Trust in Public Key Ring • Key Legitimacy Field (computed by PGP) • Signature Trust Field (copies of OTF) • Owner Trust Field (assigned by the user) Public-Key Ring
Adding a new public key to your public-key ring: • Owner trust field: (signed other keys) - If you own the key - ultimate trust is automatically assigned. - If you don’t own the key - PGP asks the user: unknown, untrusted, marginally trusted, or completely trusted • Signature trust field: (trusts the signer) PGP searches the public-key ring to see if the author of this signature is among the known public-key owners. - If so, the owner trust value for this owner is assigned to the signature trust field for this signature. OWNERTRUST SIGTRUST - If not, an unknown-user value is assigned. • key-legitimacy: (the key is valid for its user) On the basis of the signature trust fields present in this entry. - If at least one signature has a value of ultimate trust, then the key legitimacy value is set to complete - Otherwise, PGP computes a weighted sum of the trust values. 1/X is given to signatures that are always trusted 1/Y is given to signatures that are usually trusted X and Y are user-configurable parameters.

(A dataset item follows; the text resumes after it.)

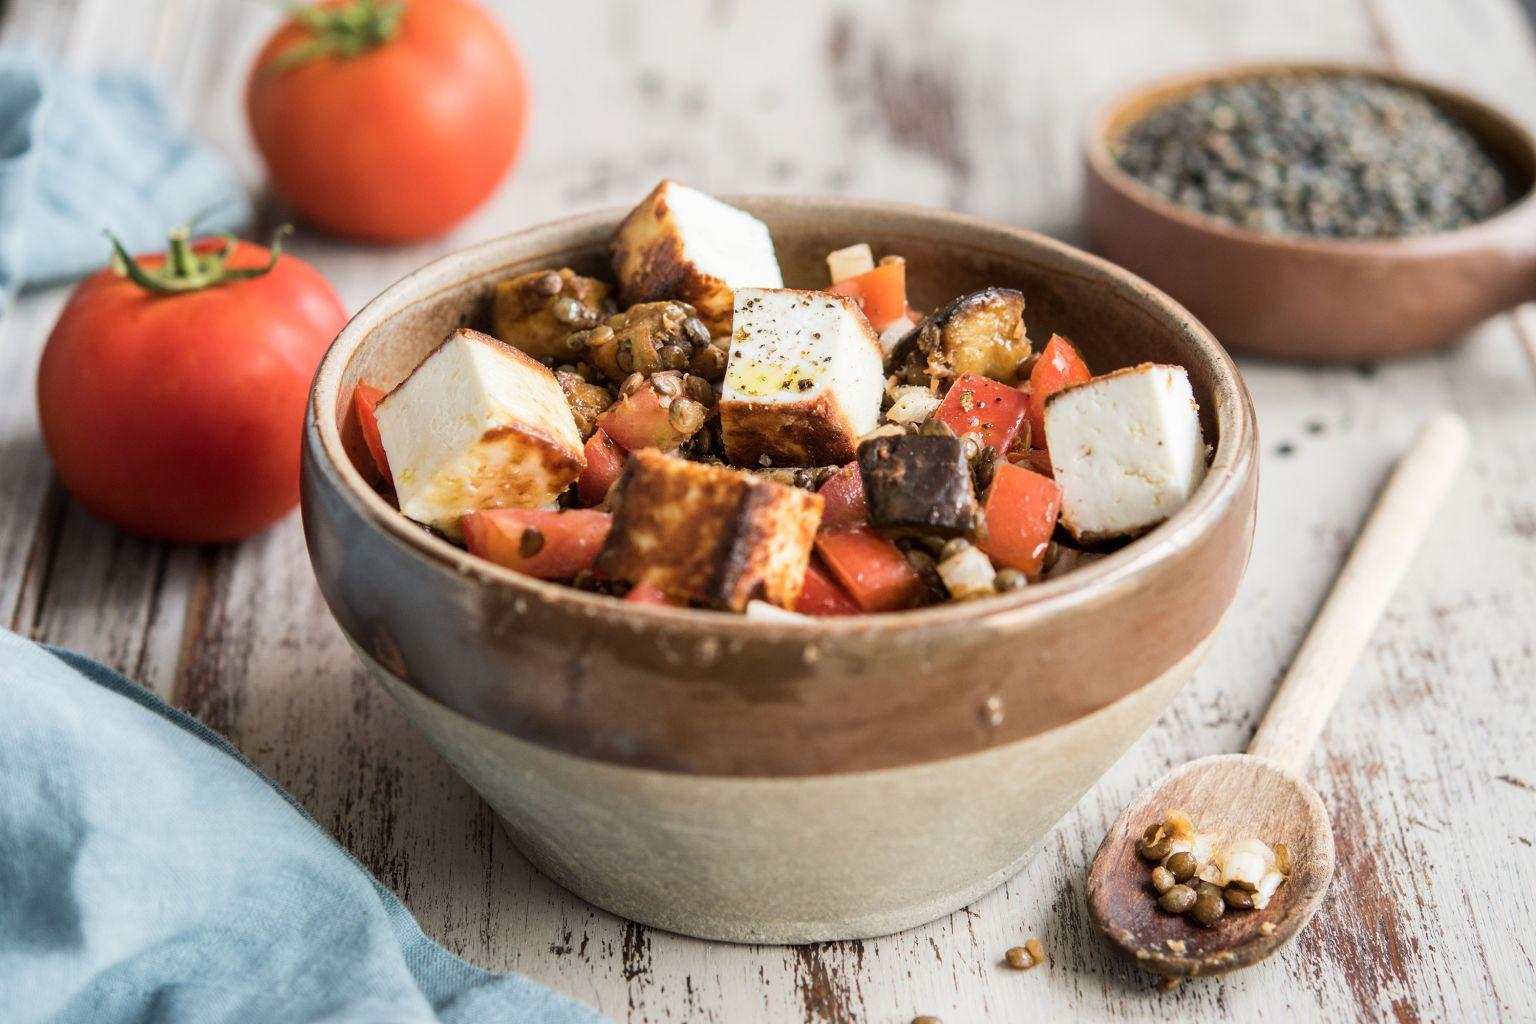 Salade de lentilles tikka masala et manouri façon paneer

Revoking Public Keys • When exposure suspects or simply avoiding the use of the same key for an extended period • The owner issue a key revocation certificate • Signed by the owner , with the corresponding private key • Same form of normal signature certificate but includes an indicator that the purpose of this certificate is to revoke the use of this public key • The owner should disseminate this certificate as widely and as quickly as possible opponent NOTE: An opponent who has compromised the private-key of an owner can also issue such a certificate. However, this would deny the opponent as well as the legitimate owner the use of the public Key – seems much less likely threat.